Séance de travail avec Nunzia/ Judith et Holopherne

J’ai demandé à Nunzia, notre jeune voisine, de venir poser pour moi. J’aime bien Nunzia. Ce n’est pas qu’elle est jolie. Son visage poupin manque de finesse. Et son nez est un peu fort. Mais sa peau est blanche et elle capte bien la lumière. Et puis elle est gentille et patiente.

—Mets-toi là, Nunzia, tourne vers moi ton visage, qu’il soit à demi masqué par la lumière. Regarde, j’ai dégagé le mur du fond. Rien qui vienne distraire l’œil. Je vais ouvrir la jalousie supérieure. Pas la persienne entière. Cela donnerait trop de lumière et anéantirait les contrastes. Juste la jalousie du haut. Celle-ci.

Nunzia s’installe, tourne la tête vers moi. Je lui ai demandé de passer ma robe de brocart rouge. Celle que je mets les jours de fête. J’ai préparé la ceinture ouvragée et la broche de maman. Rien autour du cou. Les épaules sont dégagées. De belles épaules rondes, à la carnation claire.

Voilà. Nunzia est prête. Elle est un peu gauche dans cette toilette. Mais elle s’admire. Elle prend de l’aisance. Elle tourne sur elle-même, pivote, s’applique à exécuter des révérences compliquées. Surveille du coin de l’œil le regard que je porte sur elle. Abra, interprétée par Graziella, notre lingère, rit. Elle aime bien sortir de l’entretien des draps de la maison pour se joindre à nous, le temps que j’exécute quelques mouvements de bras ou du torse. Et que je mette la dernière touche aux plis de son voile. Je m’approche de l’une puis de l’autre.

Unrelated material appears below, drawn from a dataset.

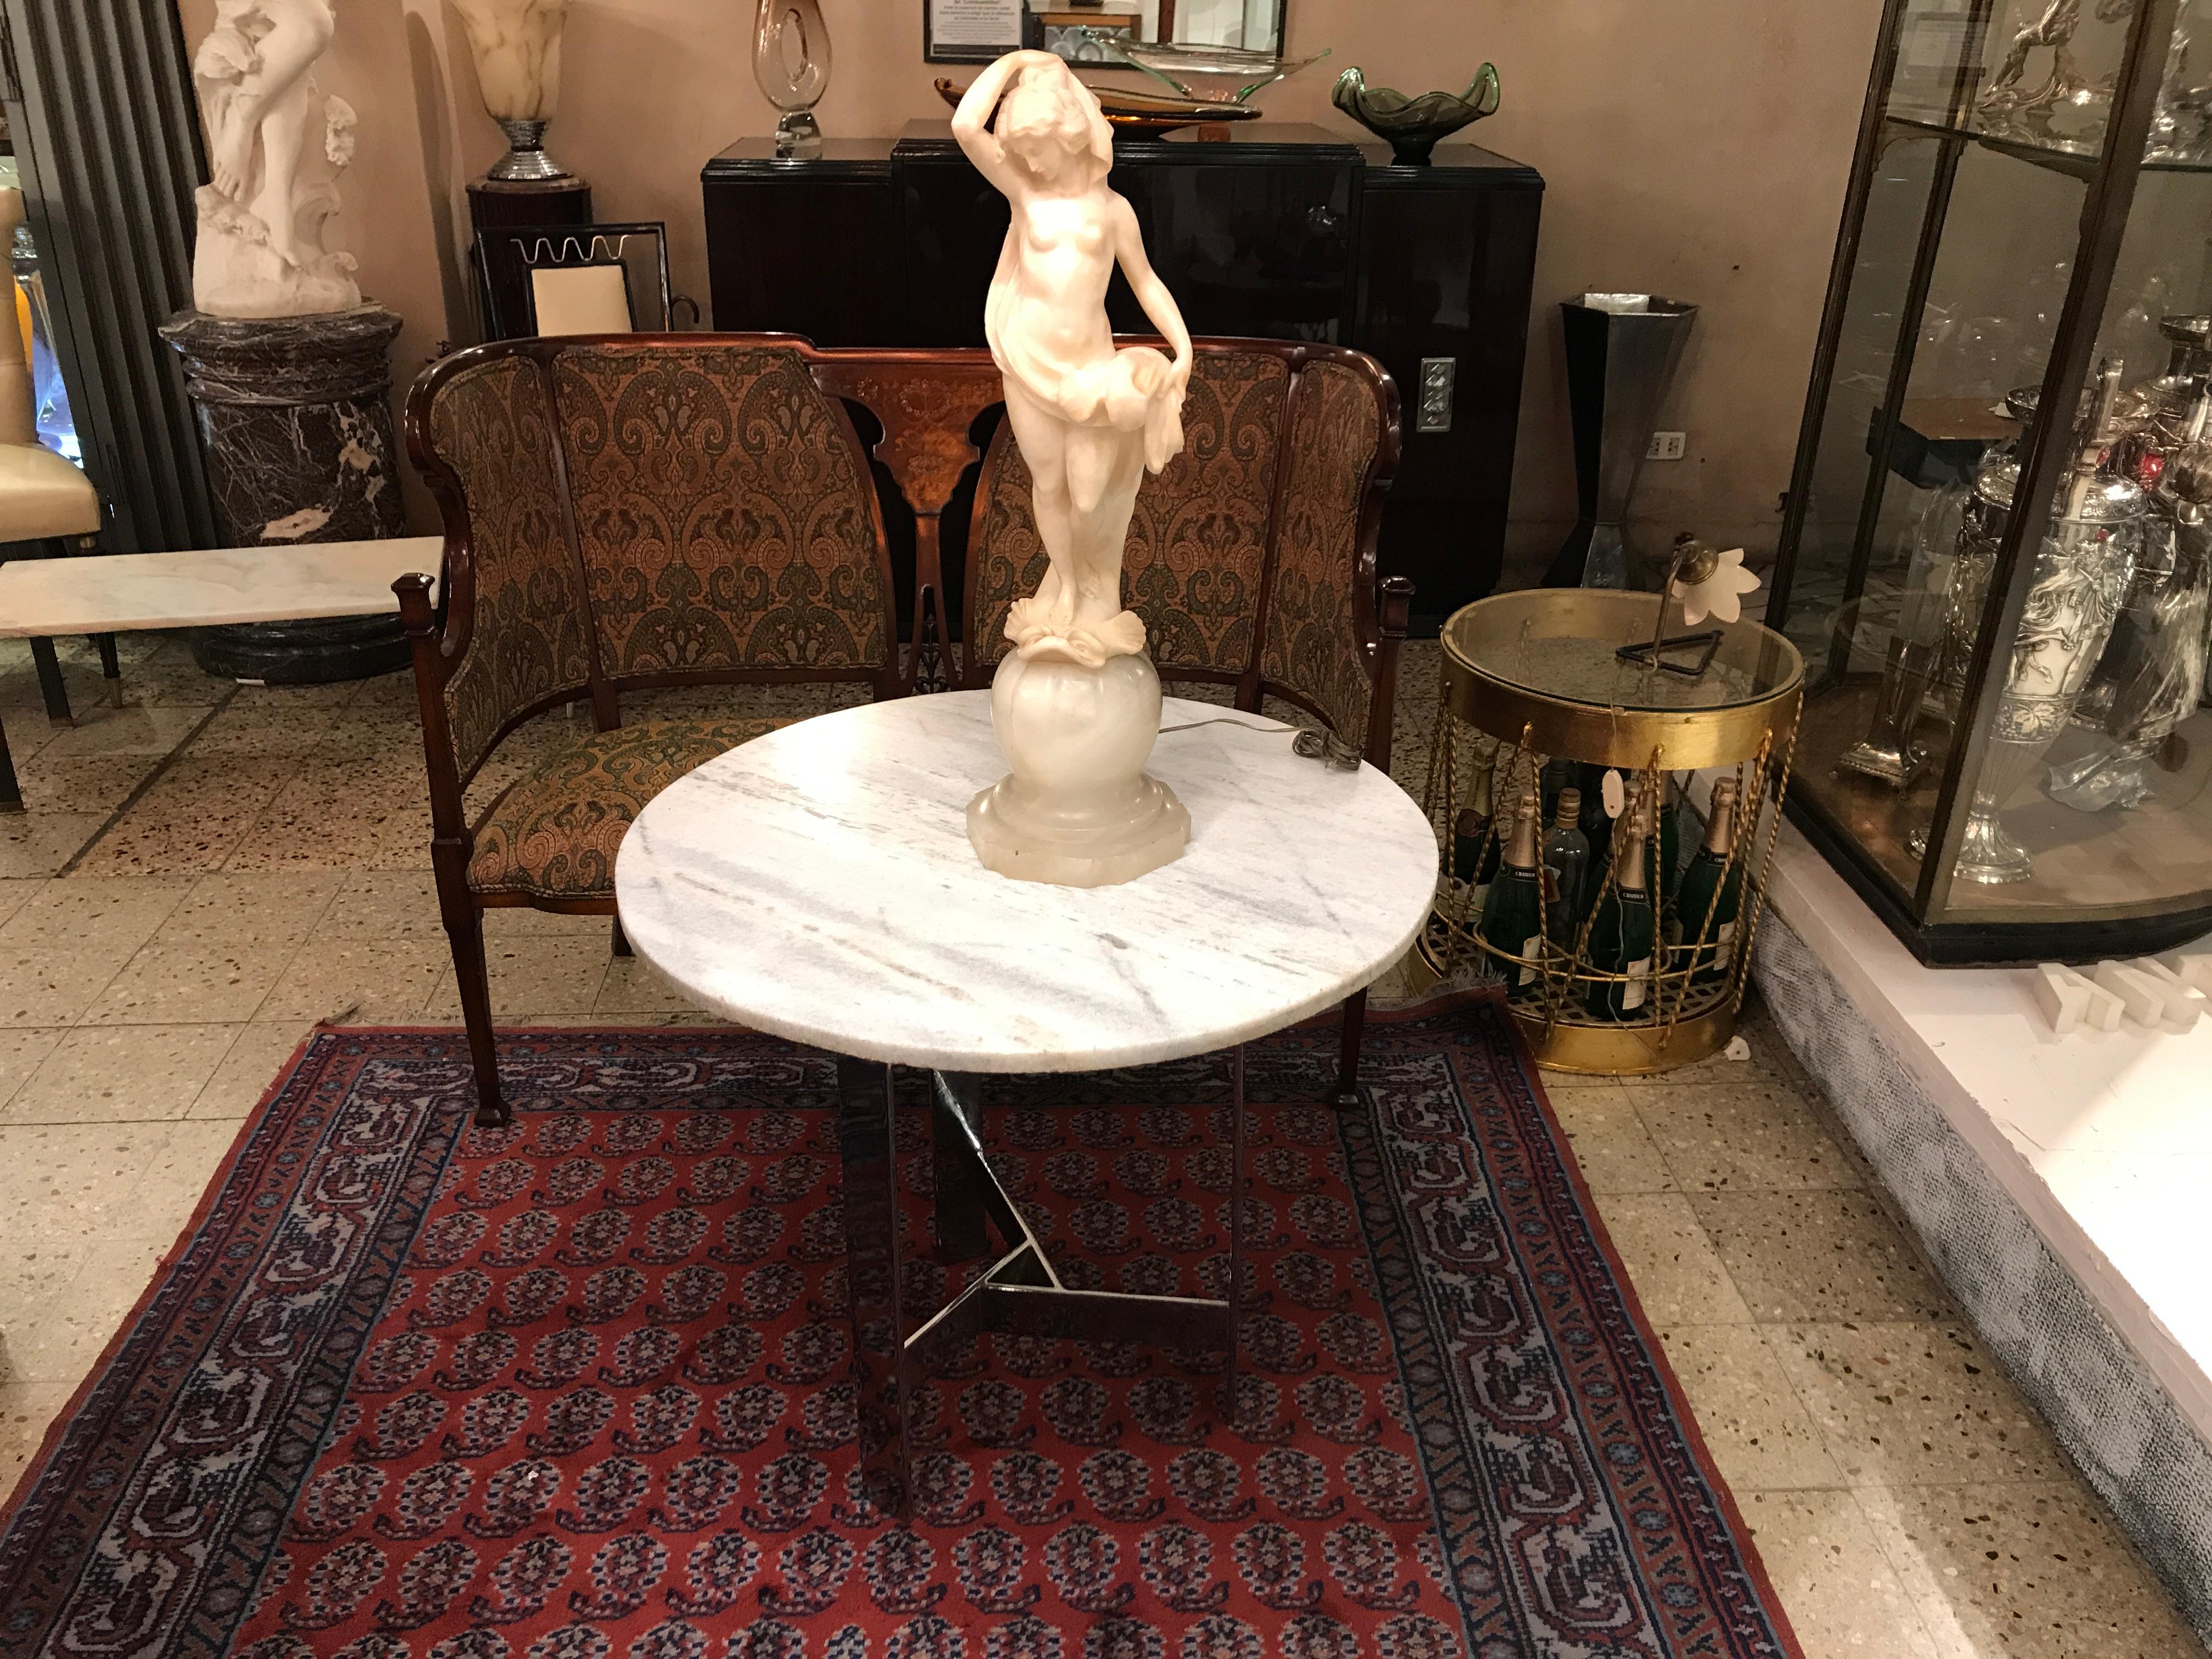 Jugendstil, Art Nouveau, Liberty
We have specialized in the sale of Art Deco and Art Nouveau and Vintage styles since 1982.If you have any questions we are at your disposal.
Pushing the button that reads 'View All From Seller'. And you can see more
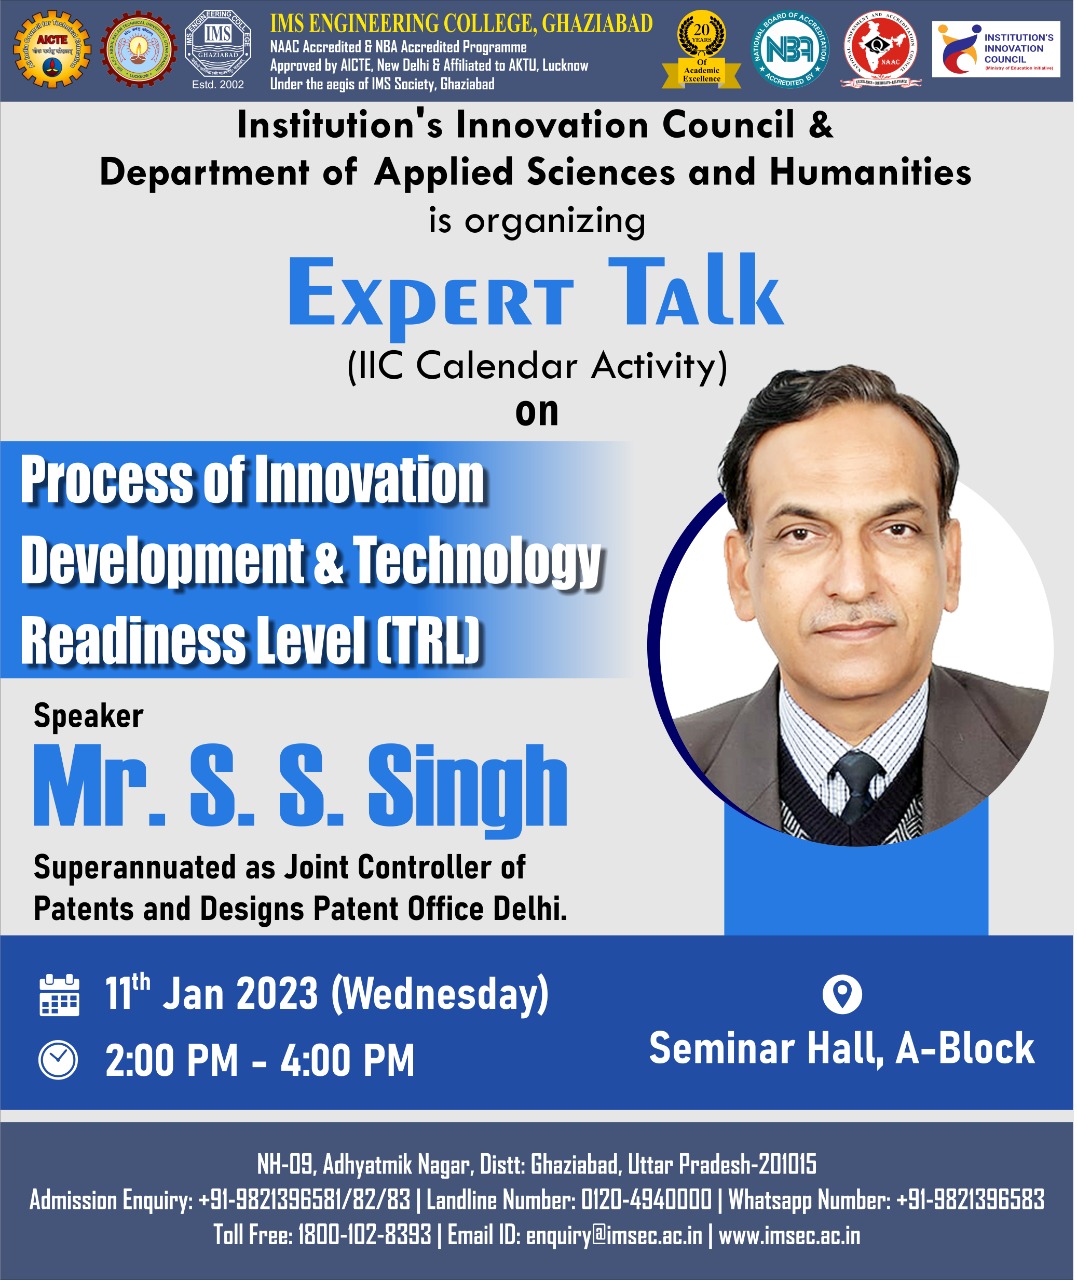 An Expert talk by Dr. S.S. Singh on the theme of Process of Innovation Development & Technology Readiness Level

J’ajuste le corsage de Judith sur sa poitrine, fais bouffer les manches blanches de sa chemise. Les cheveux, en arrière. Tirés en chignon derrière l’oreille. Les boucles brunes ajustées au front. Un peu de rouge sur les lèvres. De carmin sur les joues. C’est parfait.

—Assieds-toi là, sur ce banc de pierre. Étale les plis de ta robe autour de toi. Pose la main en appui sur le banc. Non, pas comme ça ! Comme ça. Souple, la main. Et regarde-moi.

Impossible d’obtenir qu’elle tourne ses regards vers moi. Il faut toujours qu’elle cherche le regard d’Abra !

—Laisse Abra tranquille. Cherche ton soutien en toi-même ! Tu es Judith, la reine du peuple hébreu ! Tu es forte ! Tu dois montrer à Abra que tu ne faiblis pas. Même assise, tu domines la situation. Tiens ! Voilà la tête d’Holopherne ! Imagine. Tu la tiens à bout de bras, par une touffe de sa chevelure ! On ne voit que cela, sa chevelure et sa barbe ! Ne fais pas cette moue de dégoût !

C’est ton trophée ! Tu dois l’arborer comme tel ! Avec dignité ! C’est toi qui sors victorieuse de cette épreuve. C’est d’ailleurs toi qui l’as choisie, cette épreuve, non ? Toi qui es allée au-devant d’elle ?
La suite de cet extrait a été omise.